**** Exercise inputs ****

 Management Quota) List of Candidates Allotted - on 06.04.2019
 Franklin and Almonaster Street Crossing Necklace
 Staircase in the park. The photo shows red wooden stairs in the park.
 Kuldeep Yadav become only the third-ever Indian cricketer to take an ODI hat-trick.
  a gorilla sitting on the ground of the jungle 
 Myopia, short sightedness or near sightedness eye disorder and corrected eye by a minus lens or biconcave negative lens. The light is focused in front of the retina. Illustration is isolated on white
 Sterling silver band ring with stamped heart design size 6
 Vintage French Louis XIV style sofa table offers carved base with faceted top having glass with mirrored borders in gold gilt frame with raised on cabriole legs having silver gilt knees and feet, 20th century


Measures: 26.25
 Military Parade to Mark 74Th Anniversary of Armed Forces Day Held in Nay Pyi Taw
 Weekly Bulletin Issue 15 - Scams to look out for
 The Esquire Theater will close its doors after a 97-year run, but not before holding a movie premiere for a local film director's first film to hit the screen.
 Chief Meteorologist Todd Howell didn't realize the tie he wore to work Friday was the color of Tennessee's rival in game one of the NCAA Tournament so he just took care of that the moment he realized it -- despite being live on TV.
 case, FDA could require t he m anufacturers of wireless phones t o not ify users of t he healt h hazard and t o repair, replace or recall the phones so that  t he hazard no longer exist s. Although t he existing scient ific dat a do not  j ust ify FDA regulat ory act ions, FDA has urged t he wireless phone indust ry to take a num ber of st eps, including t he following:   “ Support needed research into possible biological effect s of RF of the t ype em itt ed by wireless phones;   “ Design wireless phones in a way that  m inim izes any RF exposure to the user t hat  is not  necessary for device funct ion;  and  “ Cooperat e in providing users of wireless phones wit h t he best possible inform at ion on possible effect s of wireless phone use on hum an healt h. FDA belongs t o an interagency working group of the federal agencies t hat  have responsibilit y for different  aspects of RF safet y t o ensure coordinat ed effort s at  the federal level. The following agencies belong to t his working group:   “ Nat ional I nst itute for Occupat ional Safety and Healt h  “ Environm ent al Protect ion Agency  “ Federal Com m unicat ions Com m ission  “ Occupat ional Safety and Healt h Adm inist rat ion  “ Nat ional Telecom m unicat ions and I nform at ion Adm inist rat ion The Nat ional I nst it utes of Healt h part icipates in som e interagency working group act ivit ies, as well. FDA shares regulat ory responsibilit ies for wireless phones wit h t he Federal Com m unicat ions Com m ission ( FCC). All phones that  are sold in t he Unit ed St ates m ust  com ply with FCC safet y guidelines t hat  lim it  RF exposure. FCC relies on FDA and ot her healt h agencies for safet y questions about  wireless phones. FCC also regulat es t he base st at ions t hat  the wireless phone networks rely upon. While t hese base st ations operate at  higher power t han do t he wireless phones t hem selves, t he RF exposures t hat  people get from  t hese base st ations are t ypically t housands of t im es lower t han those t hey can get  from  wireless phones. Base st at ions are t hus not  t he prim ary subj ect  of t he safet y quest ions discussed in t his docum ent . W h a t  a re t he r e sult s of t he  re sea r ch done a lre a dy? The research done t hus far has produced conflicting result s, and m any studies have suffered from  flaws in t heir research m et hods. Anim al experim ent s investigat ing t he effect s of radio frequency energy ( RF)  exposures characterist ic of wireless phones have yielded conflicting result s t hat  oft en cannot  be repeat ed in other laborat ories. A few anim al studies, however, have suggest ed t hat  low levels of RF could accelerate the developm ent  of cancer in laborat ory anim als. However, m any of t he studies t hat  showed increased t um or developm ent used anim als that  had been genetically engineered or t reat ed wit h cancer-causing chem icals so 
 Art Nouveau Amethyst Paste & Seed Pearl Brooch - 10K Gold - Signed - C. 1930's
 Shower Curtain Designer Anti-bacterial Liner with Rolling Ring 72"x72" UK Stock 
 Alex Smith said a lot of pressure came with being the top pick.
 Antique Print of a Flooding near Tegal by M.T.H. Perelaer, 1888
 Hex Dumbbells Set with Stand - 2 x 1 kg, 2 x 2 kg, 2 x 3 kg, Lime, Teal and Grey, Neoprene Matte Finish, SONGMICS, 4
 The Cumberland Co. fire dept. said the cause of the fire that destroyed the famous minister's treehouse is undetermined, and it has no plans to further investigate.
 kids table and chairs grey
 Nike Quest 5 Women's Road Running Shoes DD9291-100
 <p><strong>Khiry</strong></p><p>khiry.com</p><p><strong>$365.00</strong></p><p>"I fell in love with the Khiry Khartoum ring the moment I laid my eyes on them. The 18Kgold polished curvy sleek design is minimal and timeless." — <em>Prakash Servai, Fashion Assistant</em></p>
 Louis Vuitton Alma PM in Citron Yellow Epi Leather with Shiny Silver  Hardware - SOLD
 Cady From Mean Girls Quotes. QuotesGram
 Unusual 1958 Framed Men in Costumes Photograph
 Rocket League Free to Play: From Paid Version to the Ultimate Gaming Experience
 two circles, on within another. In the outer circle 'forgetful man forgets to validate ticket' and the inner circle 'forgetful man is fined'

****

*About this exercise*. Return only the number of lines above in which the string "being" occurs.

*Response to the task*. 2